There was a pause from his brother. Tuck wasn’t sure if Daniel was taking in what was said or waiting for Tuck to.
Prior to their mother opening her dress shop after their father died, mothers and daughters waited for a traveling seamstress to arrive in her wagon. Once a quarter, she would set down for one week, take orders and measurements, and then return with the finished product on her next visit. When Anna opened her shop, it was instantly popular. Tuck’s mother made top-of-the-line designs and she didn’t grumble if a woman gained thirty pounds between ordering a dress and the day she picked it up. His mother came from a clothing-shop background herself.
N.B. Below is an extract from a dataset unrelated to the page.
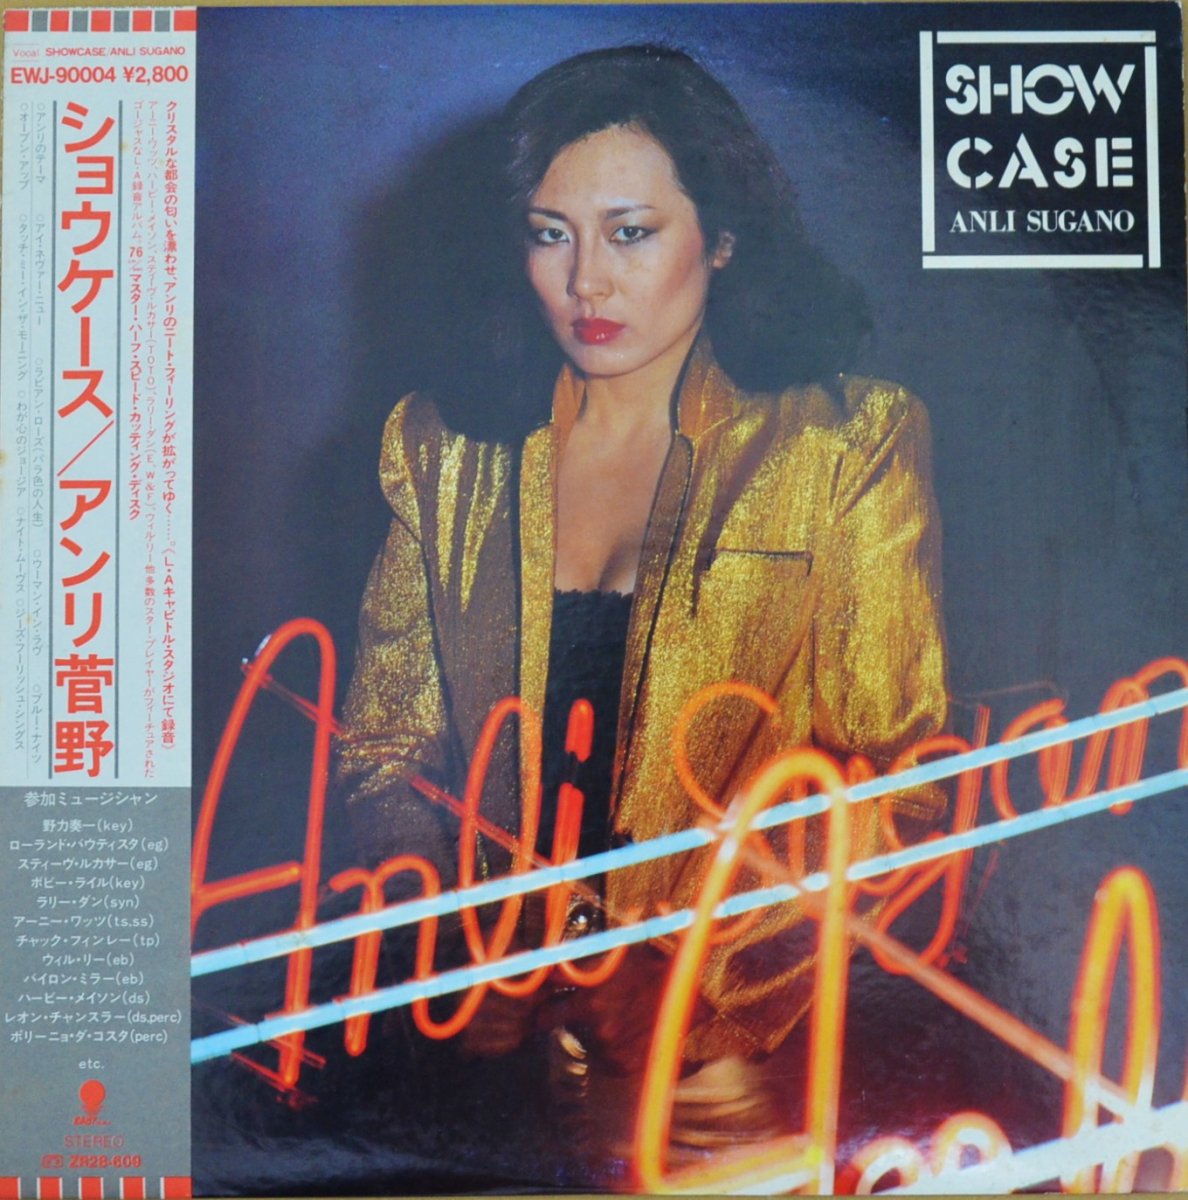 アンリ菅野 ANRI SUGANO / ショウケース SHOW CASE (LP)

An uncle that Tuck had never met had operated a clothing design shop in Paris, and according to his mother, it had been unmatched in style, fit, and service and her reason for wanting a dress shop of her own.
Tuck had grown up sewing alongside her. At twelve, he ran the fitting rooms for the first time for a cotillion of demanding mothers-of-the-brides. Now twenty-four, he did it every day. Even though this was his family business and he knew he would inherit it, Tuck often wished he could pursue his love of music. His father had instilled it in him, so his mother didn’t ever say she disapproved. The guitar lessons he gave brought in some extra money, which probably helped. Yes, he had been born into the dress business, but to Tuck, music was a calling.
“Just get here,” Daniel said.
“I’m five minutes away.”
“Okay.” That seemed to calm him some. “And I got you a girl.”
“A what?” He stumbled as he hurried over the uneven cobblestone. Shit. (Another prayer for that.) Ever since Tuck had told Daniel that he was too busy to even think about dating, “eligible bachelor” or not, Daniel had taken it upon himself to become Tuck’s personal matchmaker. Unfortunately, his methods typically involved dragging Tuck up to an unsuspecting young woman and saying something along the lines of “This is my brother, Tuck. He’s young, employed, and fertile. And he can sew.” Daniel would add this last bit as if he were confiding a great secret to her and was as smug as could be.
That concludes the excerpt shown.